De mort lente de Michaël Mention
Chapitre 4
Chapitre 5

6
16 mai 2010
Dimanche serein chez les Fournier.
Tandis que Vincennes se promène en famille, ici, au cours Marigny, on profite de sa solitude. Au deuxième étage de leur maison, Catherine – l’épouse de Philippe – s’affaire dans son atelier. Nouveau projet, nouveau costume. Cette fois, c’est une robe à plis Watteau pour l’Opéra Garnier. Assise à son bureau, Catherine ajuste ses lunettes et examine son stock de rubans pour trouver celui qui viendra orner le corsage.
Dans le jardin, Philippe lit un Jim Thompson, allongé sur le transat. Avant, il lisait des thrillers à base de complots – Le Secret de…, La Confrérie des… – jusqu’à ce qu’il en ait marre. Sur le conseil de son libraire, il s’est mis au roman noir et, depuis, il ne lit plus que ça. Enfin une littérature où la gravité ne se prend pas au sérieux.

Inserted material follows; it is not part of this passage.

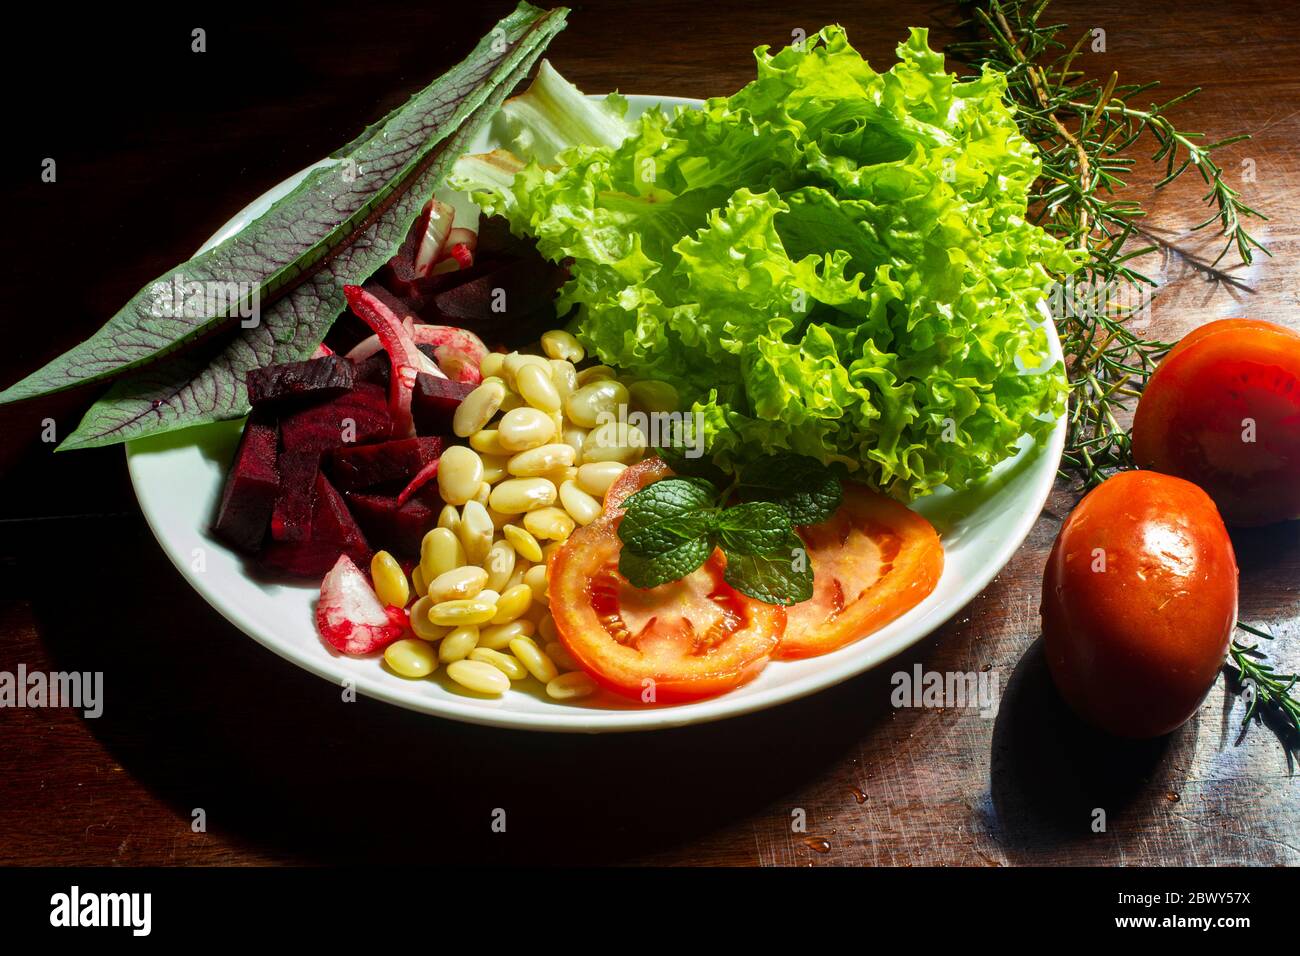 Nourriture végétalienne. Assiette de laitue, de betterave, de fava et de tomate Banque D'Images

Bref, un dimanche comme un autre pour Catherine et Philippe. Vingt-quatre ans d’amour. Sortir quand on peut, se voir quand on veut : le secret de leur longévité. Ils se retrouveront vers 17 heures pour un apéro, puis cuisineront ensemble un sauté de veau. Philippe avale une gorgée de Martini, poursuit sa lecture, quand son téléphone vibre sur la table. Il lorgne l’écran et, au prénom affiché, sourit.
— Allô ! Richard ?
— Bonjour. Je vous dérange ?
— Jamais. Comment allez-vous ?
— Ma foi, on fait aller. Et vous ?
— Ça va, je me détends avant la reprise. Vous êtes à Paris ?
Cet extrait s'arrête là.